Farid Regragui : «Je ne fais pas de la figuration, mais de vrais rôles»

Farid Regragui : «Je ne fais pas de la figuration, mais de vrais rôles»

ALM : Vous travaillez actuellement sur plusieurs projets. De quoi s’agit-il exactement ?
Farid Regragui : Effectivement, je viens de terminer le premier bloc qui comporte cinq épisodes d’un téléfeuilleton intitulé «Al Majdoub» réalisé par Farida Bourquia. C’est la première fois que je travaille avec Farida Bourquia, qui est vraiment une femme très compréhensive, et qui maîtrise bien son métier. Je suis très heureux de cette collaboration et j’aimerai bien retravailler avec elle. Et bientôt,ce sera  le tournage de la deuxième partie de «Al Boad Al Akhar» «L’autre dimension» réalisé par Mohamed Kaghat. C’est une série de science-fiction.

Quoi de neuf concernant vos rôles dans le cinéma international  ?
On vient de terminer le tournage d’un long-métrage à Salé et à Rabat intitulé «Gren Zone Thriller» de son réalisateur Paul Grren Graff. C’est un film très intéressant qui parle des problèmes de l’Irak .J’ai joué le rôle du frère du général à côté de l’acteur Matt Daiman. Il y a aussi un deuxième film ayant pour titre «Le prêtre» réalisé par le Canadien Jeffref Masthmanoff qui parle de la guerre entre le Yémen et Soudan et ses conséquences. Il sera tourné à Marrakech et dans ses régions.

Pourquoi acceptez -vous la figuration dans ces films étrangers ?
Non pas du tout ! Je ne fais pas de figuration, j’interprète de vrais rôles. Je ne joue pas le rôle d’une personne qui est en train de courir, ou bien d’un autre qui crie dans une foule, c’est absolument loin de la figuration.Par exemple dans «Spy Game» à côté de la star internationale Brad Pitt, j’ai interprété le rôle d’un kamikaze à la perfection.

Parlez-nous de vous débuts artistiques ?
Je suis lauréat de l’Institut supérieur d’art dramatique et d’animation culturelle (ISADAC). Je me rappelle du jour où j’ai obtenu mon diplôme. C’était le jour même, à 18 heures où j’ai pris la direction de Meknès pour participer dans «Marie de Nazarete». C’était mon premier film et la première fois j’étais devant le caméra . Mais, ce n’était pas mon vrai début. Le lancement de ma carrière était avec le grand réalisateur Saad Chraïbi dans le film «Aatache» «Soif» qui m’a ouvert les portes dans d’autres rôles.

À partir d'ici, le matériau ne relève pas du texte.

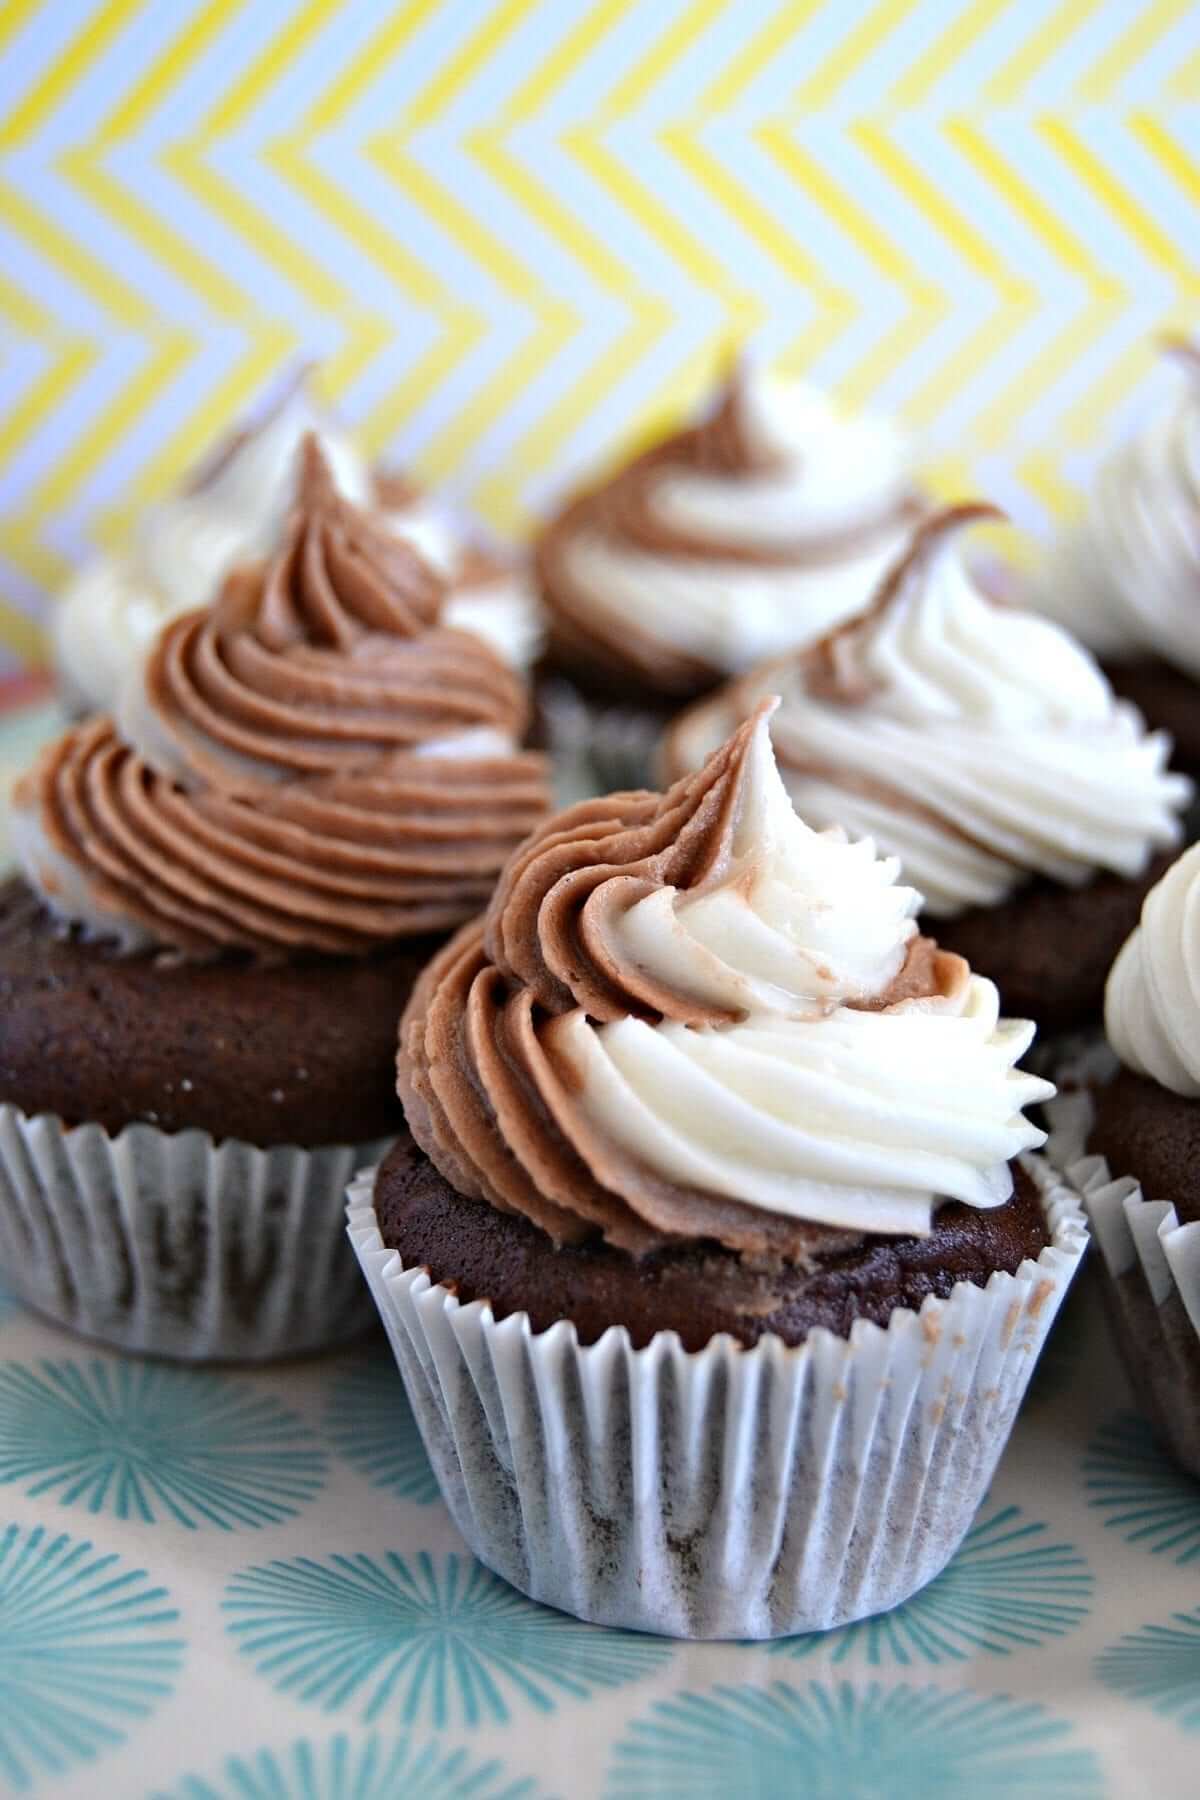 https://www.loulougirls.com/wp-content/uploads/2016/06/Chocolate-Vanilla-Swirl-mini-cupcakes-1200x1800.jpg

Parlez-nous un peu de votre expérience au théâtre canadien  ?
Le théâtre canadien comporte des jeux d’improvisation théâtrale. En fait, c’est une technique de jeu dramatique  théâtral. Cela consiste en la création d’un spectacle sans répétition de la part des comédiens. Le public peut proposer des thèmes (courtes phrases) et les comédiens improvisent pendant quelques minutes en construisant une histoire, des personnages, des décors sur ce thème. Une ou plusieurs improvisations peuvent s’enchaîner pour créer un spectacle. C’est une nouvelle idée assez riche et pas répandue au Maroc.C’est pour cela que j’envisage de créer cette technique au Maroc à travers des pièces de théâtre.

Que représente l’été pour vous ? Et où préférez-vous passer vos vacances ?
C’est le moment pour respirer, pouvoir rendre visite à la famille et les amis. C’est aussi le moment où je voyage moi et ma petite famille composée de ma femme et de ma petite fille Sara qui est âgée de deux ans. Pour mes vacances, je préfère les dunes de sable de Merzouga, Erfoud, le Nord avec ses belles plages et surtout un coin qui me plaît énormément et qui se trouve entre Asilah et Tanger.Mais les vacances peuvent être écourtées si un tournage se pointe à l’horizon.